One common scenario that marketers find themselves in is hiring developers to handle the majority of the web development work. This can be intimidating, frustrating and an outright nightmare if the marketer is unfamiliar with web development jargon and can not properly communicate their expectations to the developer.

The following terms are tools any marketer can add to his or her tool belt to give them confidence during meetings with developers.

cms-content-management-system.jpg1. CMS (content management system) or COS (content optimization system)

You can think of CMS’ or COS’ as tools for marketers to edit website content without having to touch code.

These are helpful because once a developer builds a site or app that utilizes one of these tools, marketers are able to focus their energy on producing good content to plug in.  

This means less headache for both parties because now the developer doesn’t have to worry about a marketer going in and breaking something within the code and the marketer doesn’t have to worry about asking a developer to make daily updates to website content.

HubSpot is my personal favorite choice of COS/CMS because of its robust but user-friendly features involving marketing automation, data collection and development tools. Others that you may be familiar with are Wordpress, Joomla, and many others.          

responsive-design.png2. Responsive Web Design

This should surprise no one at this point but many of your customers view your sites from smart-phones and tablets. Because of this fact, developers had to adopt some techniques to create websites for a multitude of screen sizes and devices.

Enter responsive web design. Responsive web design is basically a term used to describe when developers write code that causes changes to a website layout depending on the size of the screen that it is being viewed on at any given moment. It allows content to resize for a better viewing experience no matter how small the screen it’s being viewed on is.

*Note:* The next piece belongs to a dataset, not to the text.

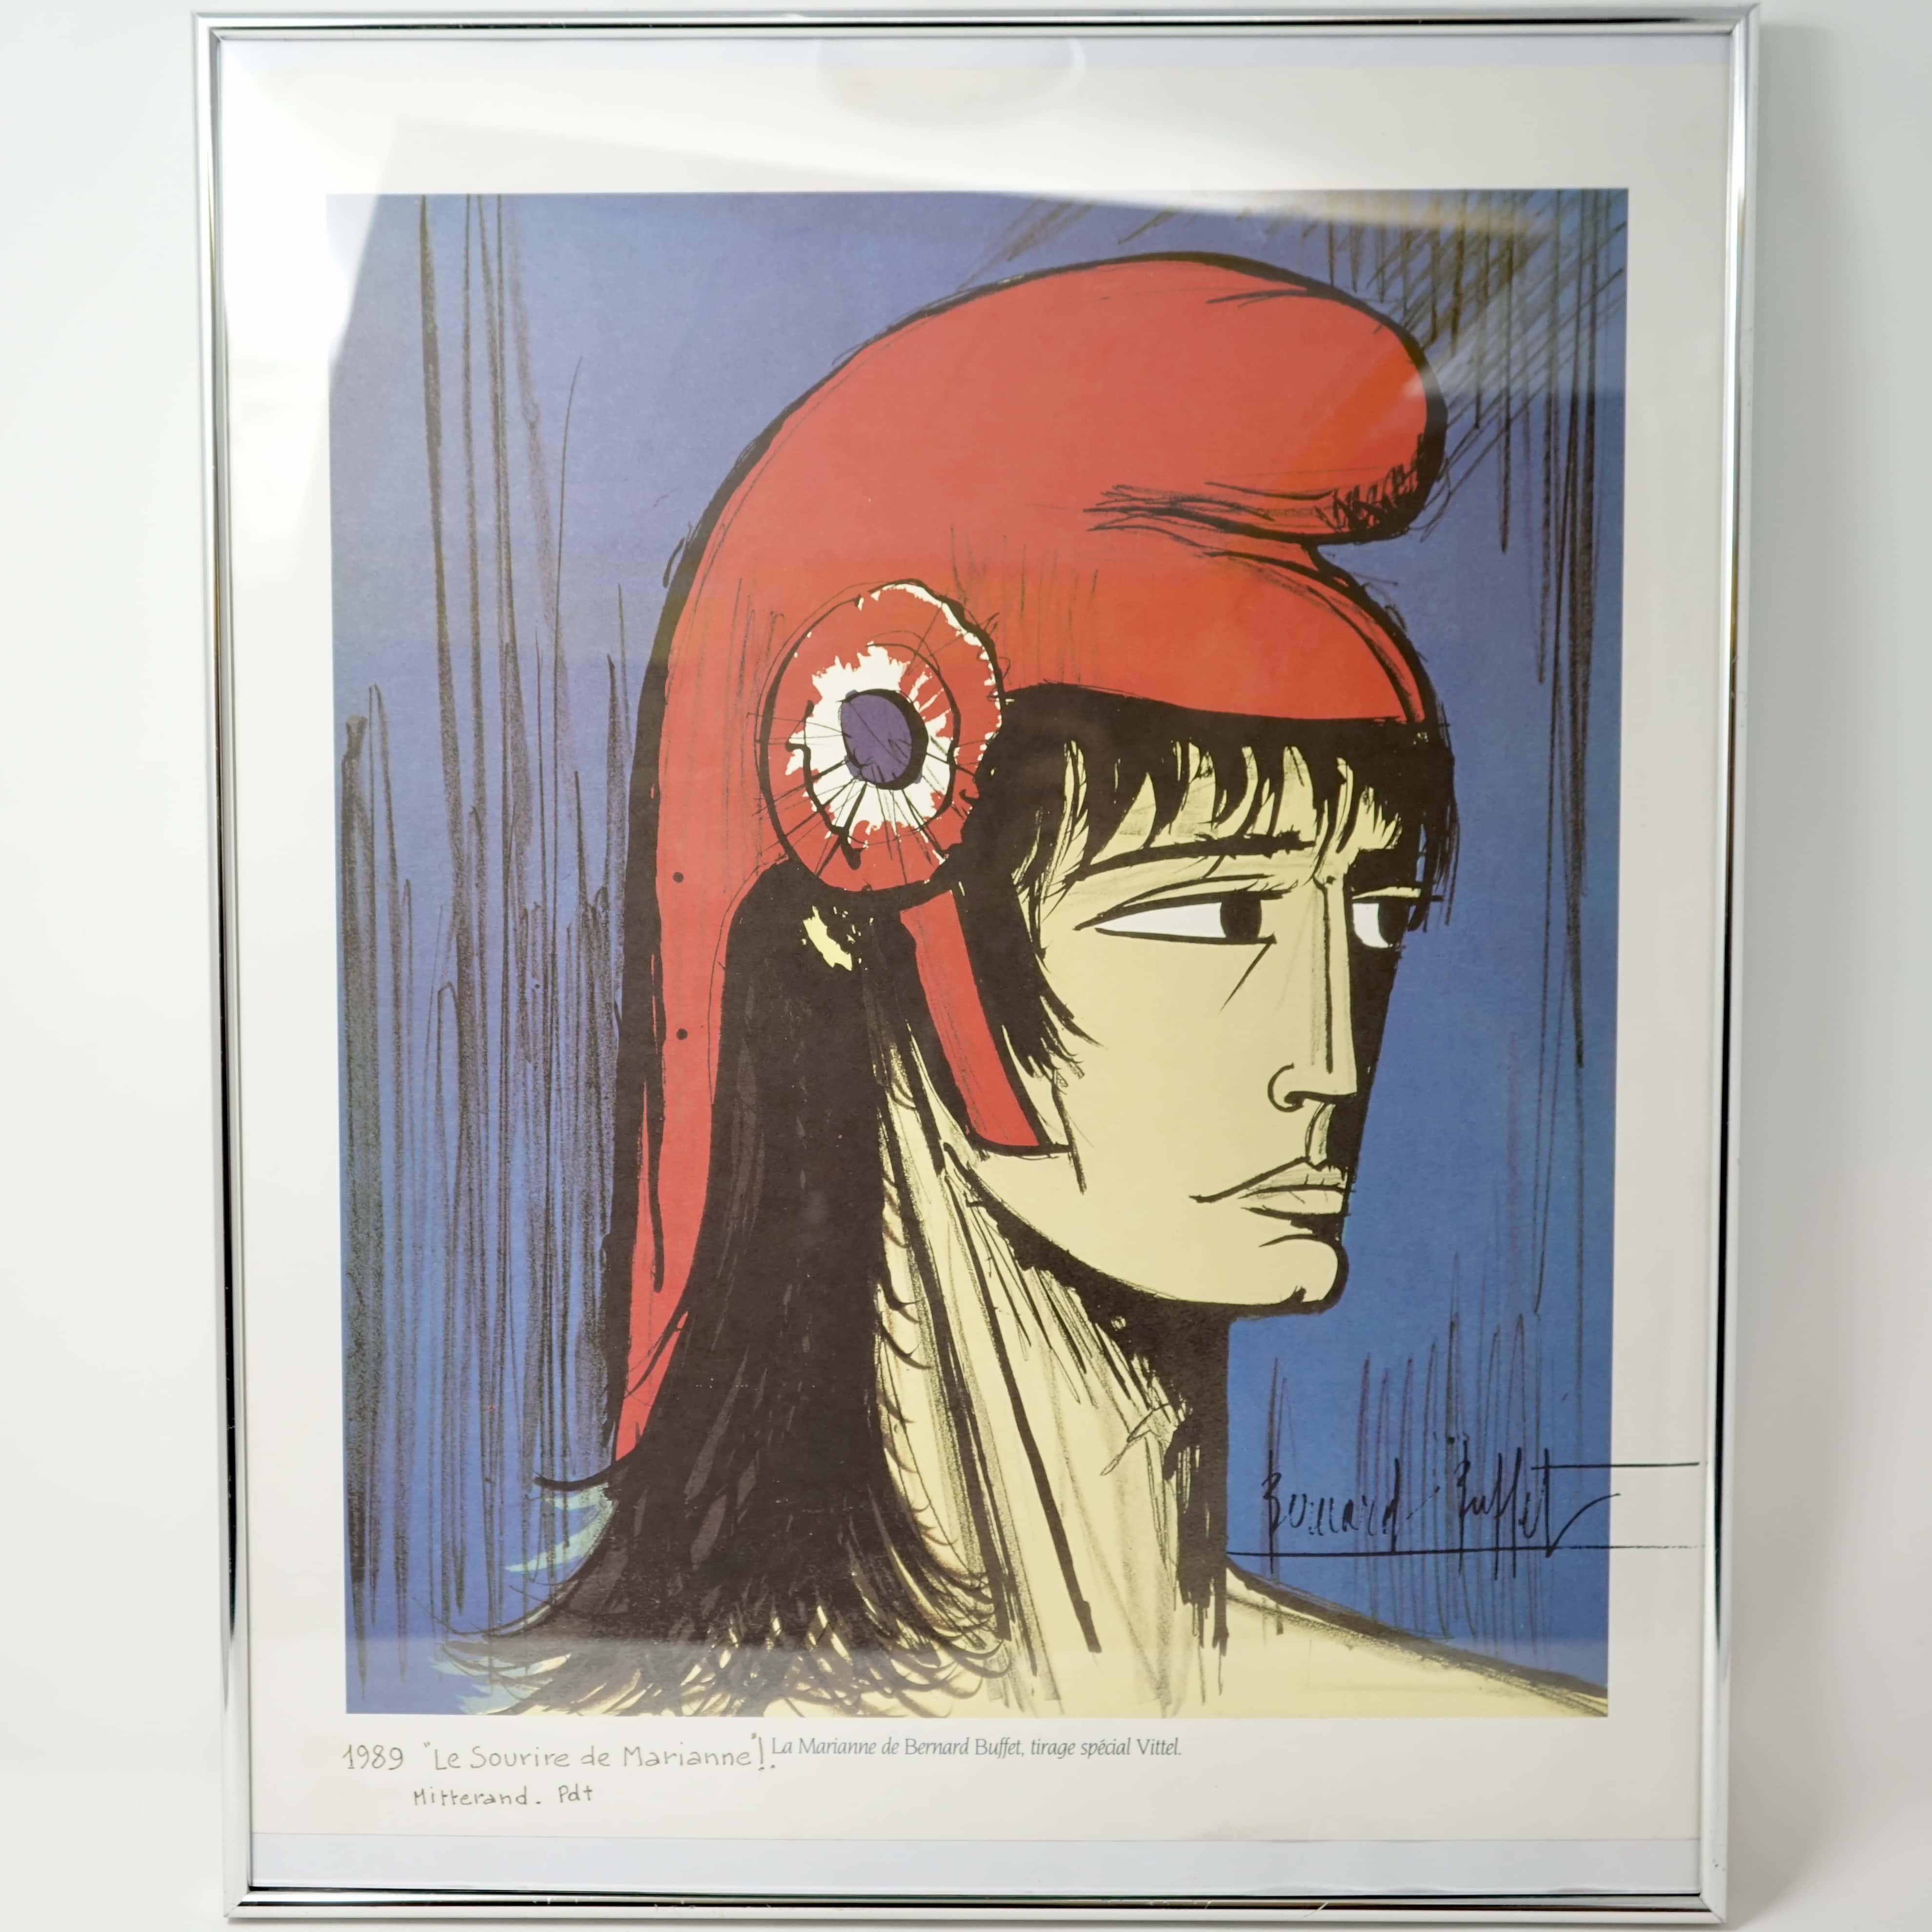 Affiche Bernard Buffet Le Sourire de Marianne 1989

There is a way for you to see responsive web design in action. Click and hold the left or right edge of your web browser window and slowly drag it to make the window smaller. If the site was built responsively, you will notice that elements on the screen will start stacking on top of each other, certain items might disappear and font sizes might increase. 

If your site wasn’t built responsively you run the risk of creating a poor user experience for your customers.  

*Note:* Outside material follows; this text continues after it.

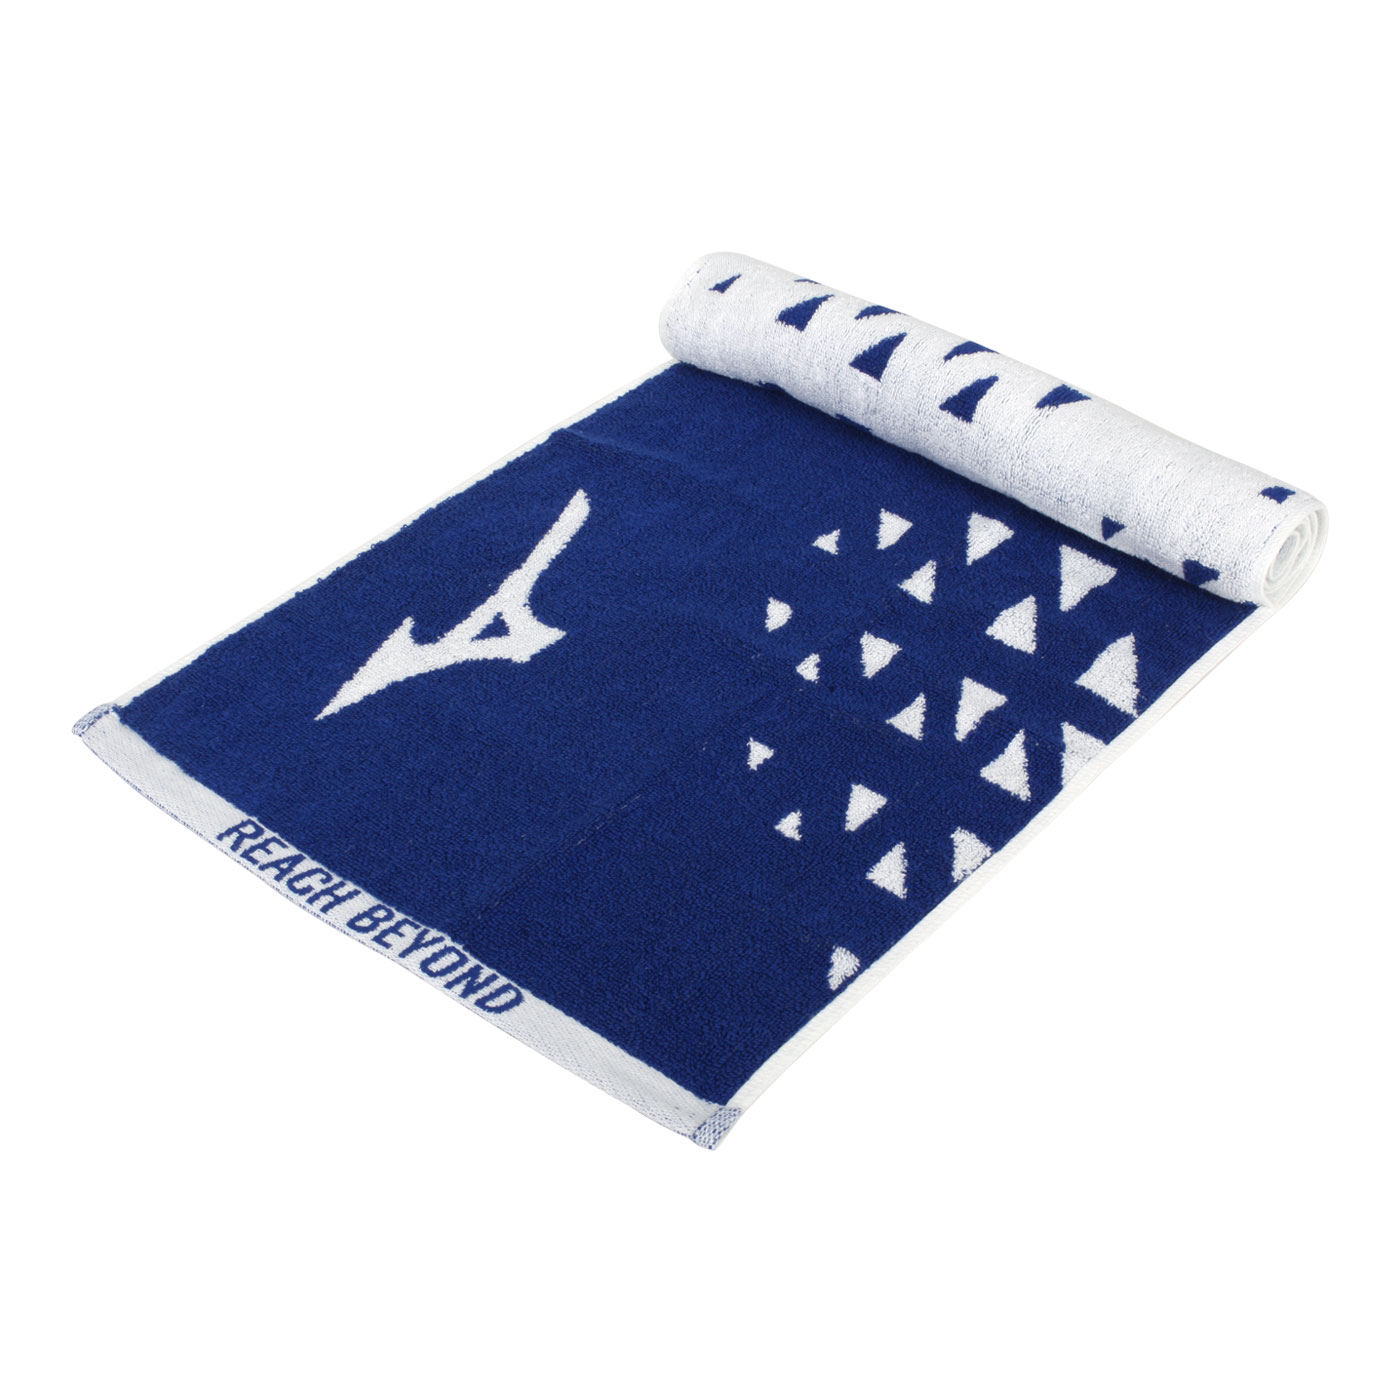 MIZUNO 運動毛巾 32TY110127 - 深藍白

meta-description2.jpg3. Meta Description

This is basically code that is placed on a website to briefly describe the content of a particular web page. Search engines like Google will display this in user's’ search results.

A large segment of your users will find your site through Google or some other search engine so it is best to keep this as clear and concise (approximately 160 characters) as possible in order to entice your potential customers to click on your link in the results.

If your site is built using a CMS, there is likely a place in that tool where you can simply type in the meta description like you would a blog post or other text content in your site. 

If you site was hard-coded, meaning it was built strictly with code, you will have to type your meta description in the head tag of the webpage.   

analytics-small.jpg4. Google Analytics

Google is the largest search engine by far and Google Analytics is a tool developed by their engineers to track and report on web traffic to your website.

As a marketer, this data can be extremely useful for creating compelling content that your users might like to consume or for seeing why your users might be leaving your pages quickly. Asking your developer to add this feature to your site can be of tremendous benefit to you.        

Because technology has become intertwined with virtually every industry, it has become essential that all marketers to develop a modest level of knowledge in technical lingo or they run the risk of becoming ineffective and eventually losing their jobs. 

Technology can be scary but it doesn’t have to be. Developing solid communication with the people who will build your websites can mean the difference between displaying excellence in marketing and displaying poorly executed marketing. Even if you don’t want to become a full-blown web developer, make a commitment to become a lifelong learner. Doing so will allow you to reap rewards that other marketers won’t ever see.